At American Creation Brian Tubbs accurately notes John Adams' call to prayer as President. He also notes the ironic dynamic that the prayer sounded Trinitarian but Adams himself was a unitarian.
It should also be noted that Adams regretted that call to prayer and claims that it cost him the Presidency against Jefferson.
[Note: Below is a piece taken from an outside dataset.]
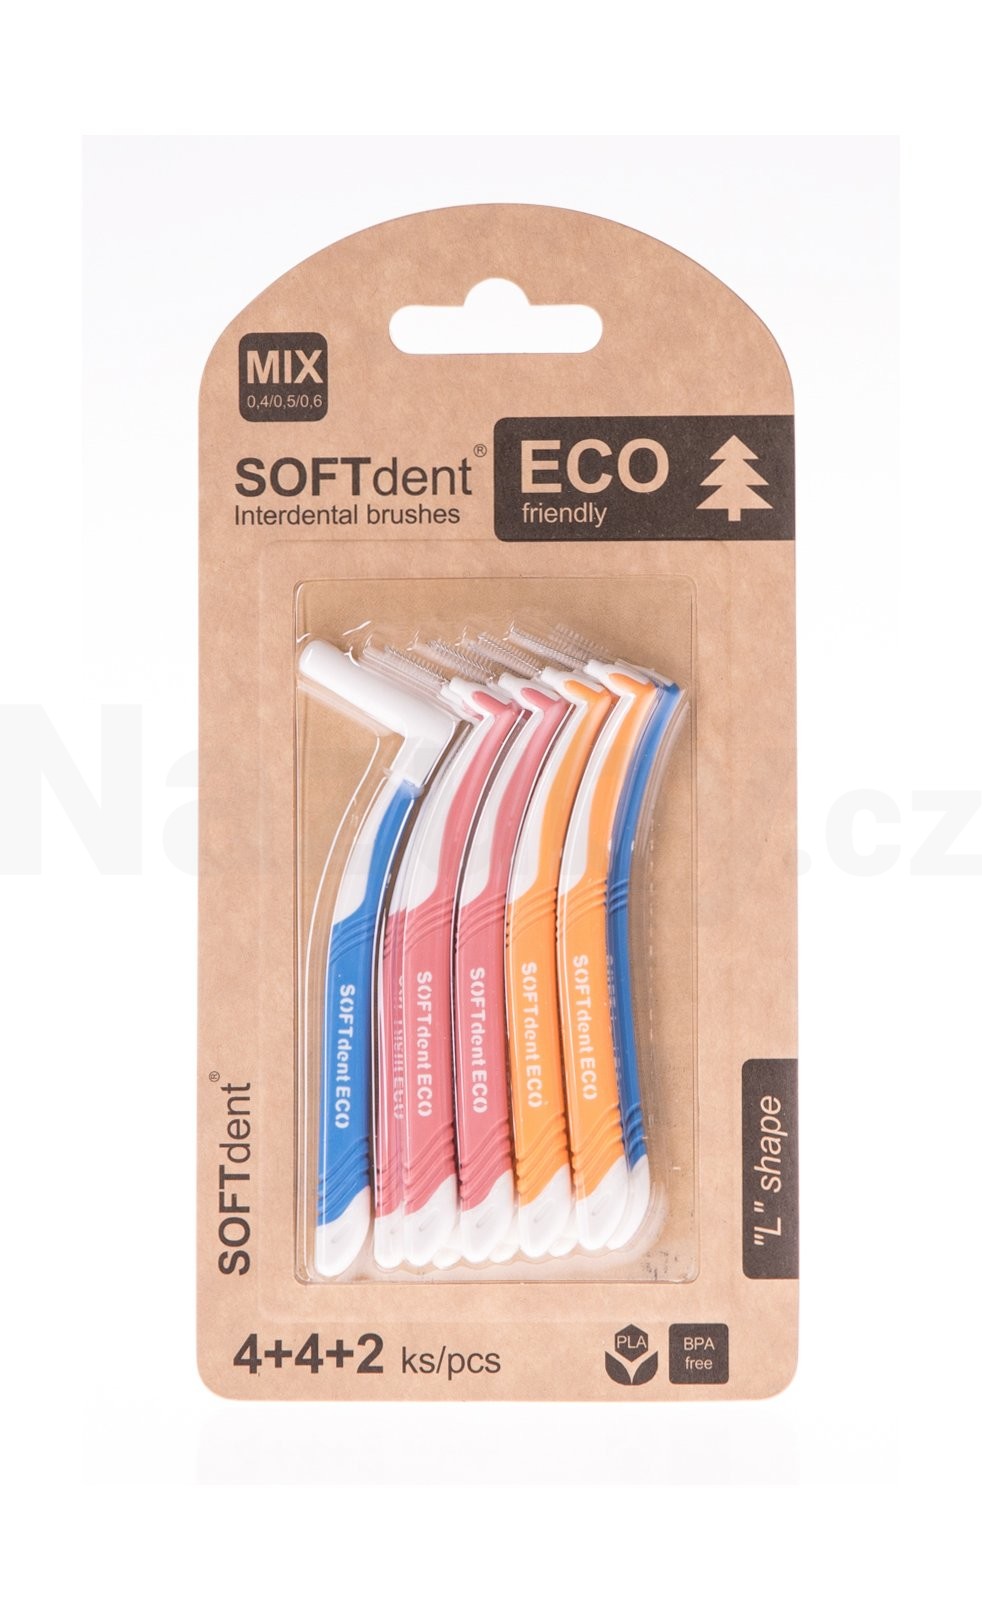 Fotografie SoftDent Eco mezizubní kartáček zahnutý, mix velikostí, 10 ks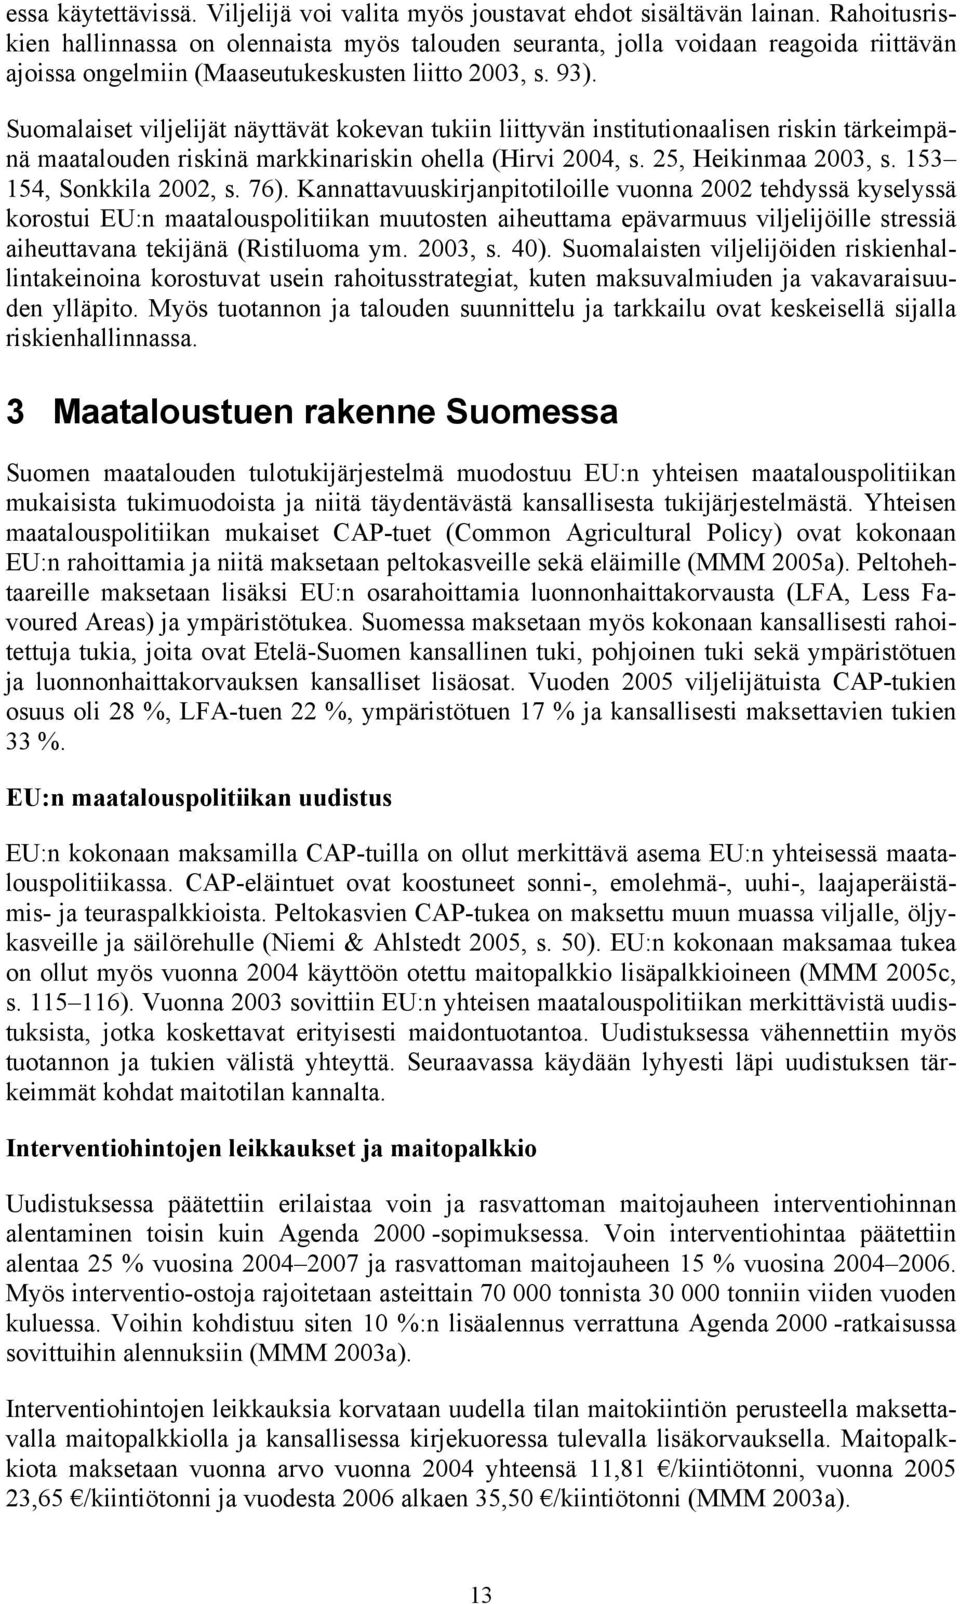 Suomalaiset viljelijät näyttävät kokevan tukiin liittyvän institutionaalisen riskin tärkeimpänä maatalouden riskinä markkinariskin ohella (Hirvi 2004, s. 25, Heikinmaa 2003, s.

As Adams explained, the prayer made him and America sound more "orthodox," less religiously pluralistic than they really were. As he noted:
The National Fast, recommended by me turned me out of office. It was connected with the general assembly of the Presbyterian Church, which I had no concern in. That assembly has allarmed and alienated Quakers, Anabaptists, Mennonists, Moravians, Swedenborgians, Methodists, Catholicks, protestant Episcopalians, Arians, Socinians, Armenians, & & &, Atheists and Deists might be added. A general Suspicon prevailed that the Presbyterian Church was ambitious and aimed at an Establishment of a National Church. I was represented as a Presbyterian and at the head of this political and ecclesiastical Project. The secret whisper ran through them “Let us have Jefferson, Madison, Burr, any body, whether they be Philosophers, Deists, or even Atheists, rather than a Presbyterian President.” This principle is at the bottom of the unpopularity of national Fasts and Thanksgivings. Nothing is more dreaded than the National Government meddling with Religion.
-- John Adams to Benjamin Rush, June 12, 1812. Old Family Letters, 392-93; taken from Hutson’s The Founders on Religion, 101-02.
1 comment:
I had understood the principal cause for his loss to be his handling of the XYZ affair and the subsequent Alien and Sedition Act.